[Dataset content]
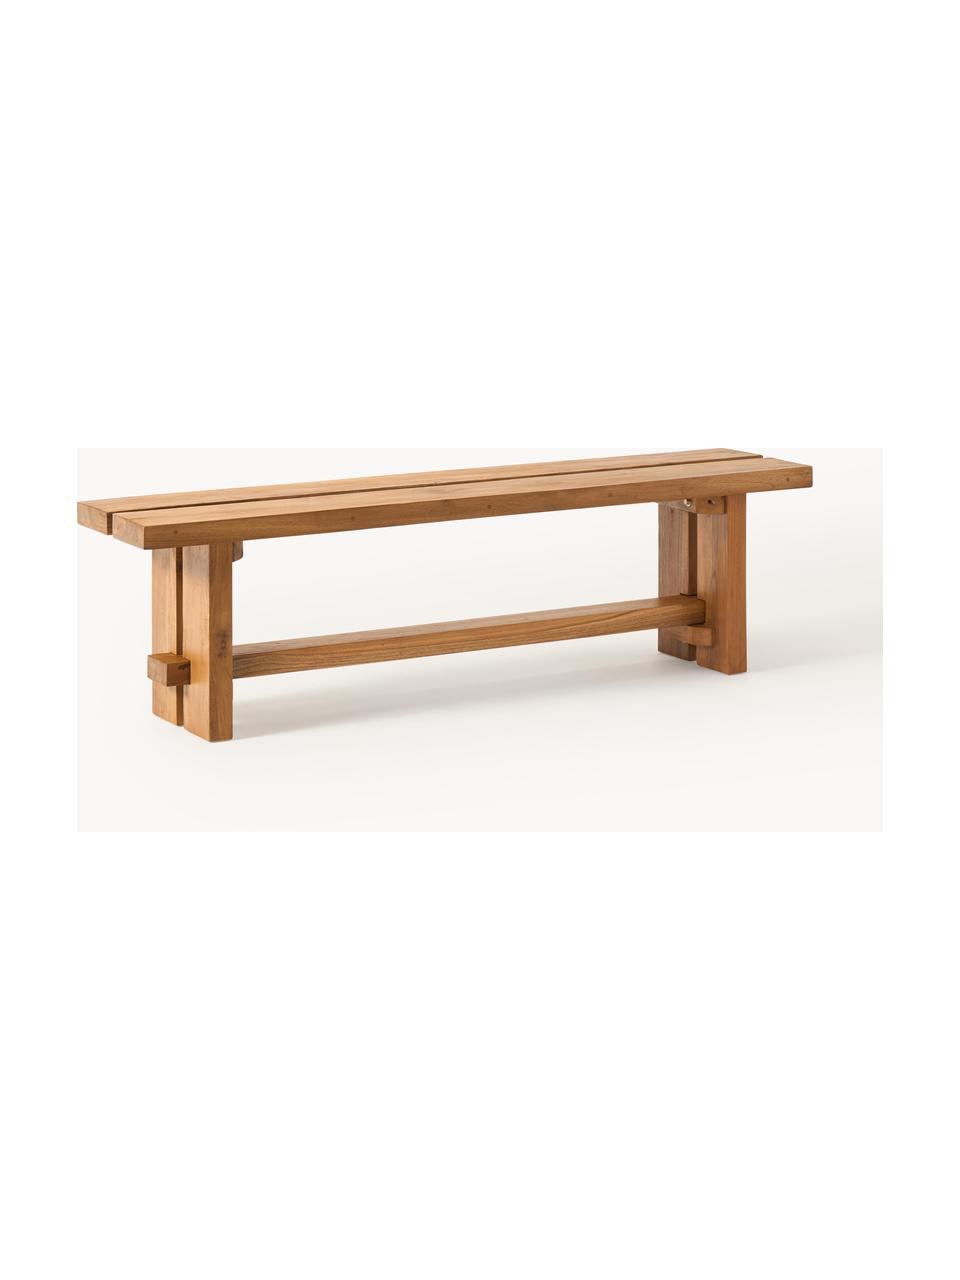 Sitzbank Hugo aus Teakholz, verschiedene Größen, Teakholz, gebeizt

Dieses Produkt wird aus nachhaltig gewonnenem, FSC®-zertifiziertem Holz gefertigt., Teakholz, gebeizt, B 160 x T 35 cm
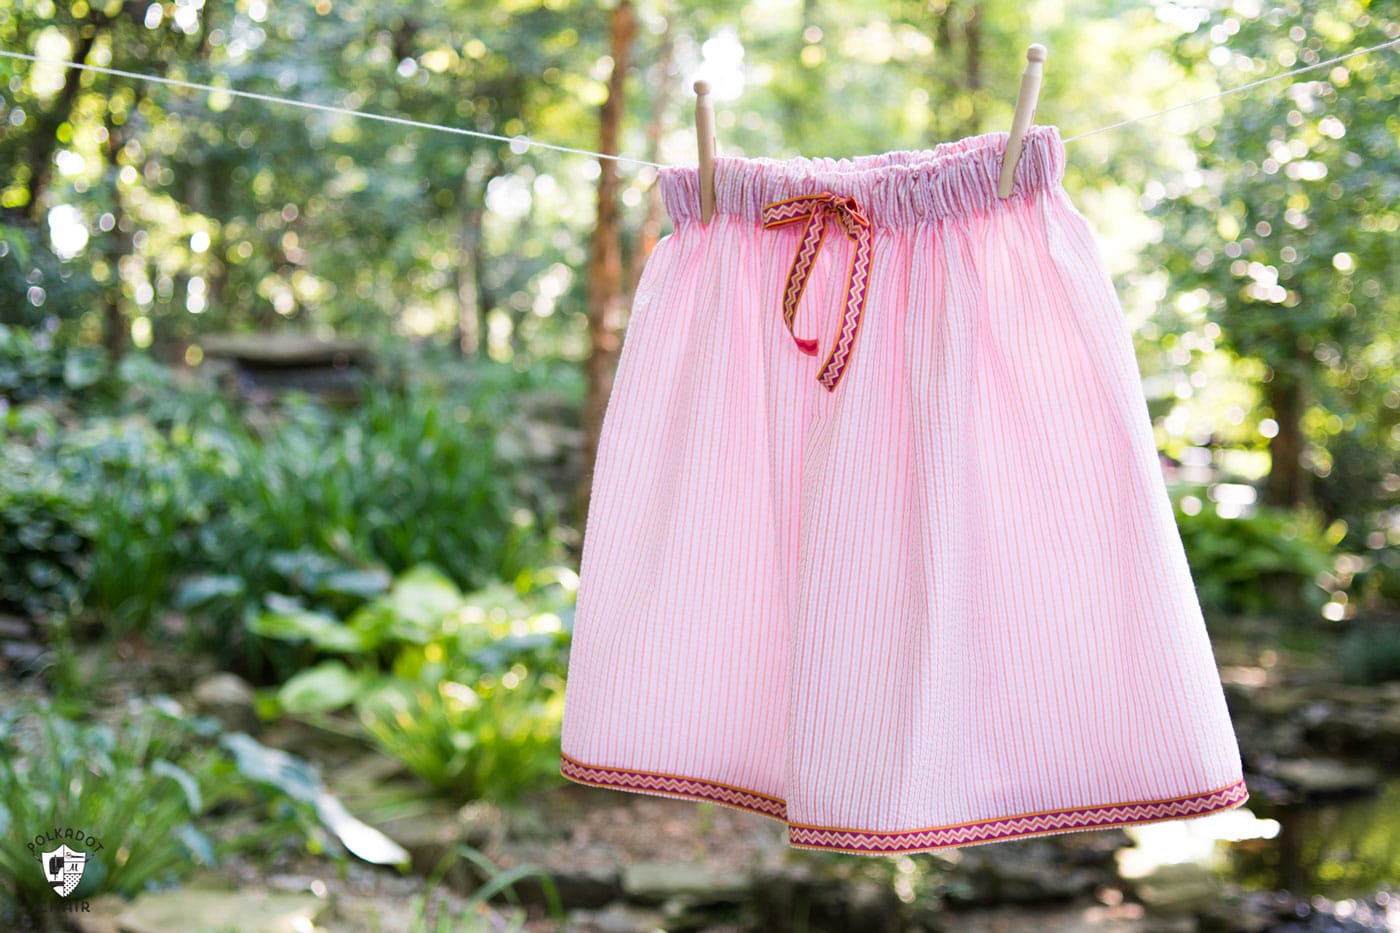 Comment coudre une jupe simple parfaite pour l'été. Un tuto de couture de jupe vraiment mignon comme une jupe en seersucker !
[/Dataset content]
> Problem
Leave every image out, and retype the material exactly.

> Exercise result
 Sitzbank Hugo aus Teakholz, verschiedene Größen, Teakholz, gebeizt

Dieses Produkt wird aus nachhaltig gewonnenem, FSC®-zertifiziertem Holz gefertigt., Teakholz, gebeizt, B 160 x T 35 cm
 Comment coudre une jupe simple parfaite pour l'été. Un tuto de couture de jupe vraiment mignon comme une jupe en seersucker !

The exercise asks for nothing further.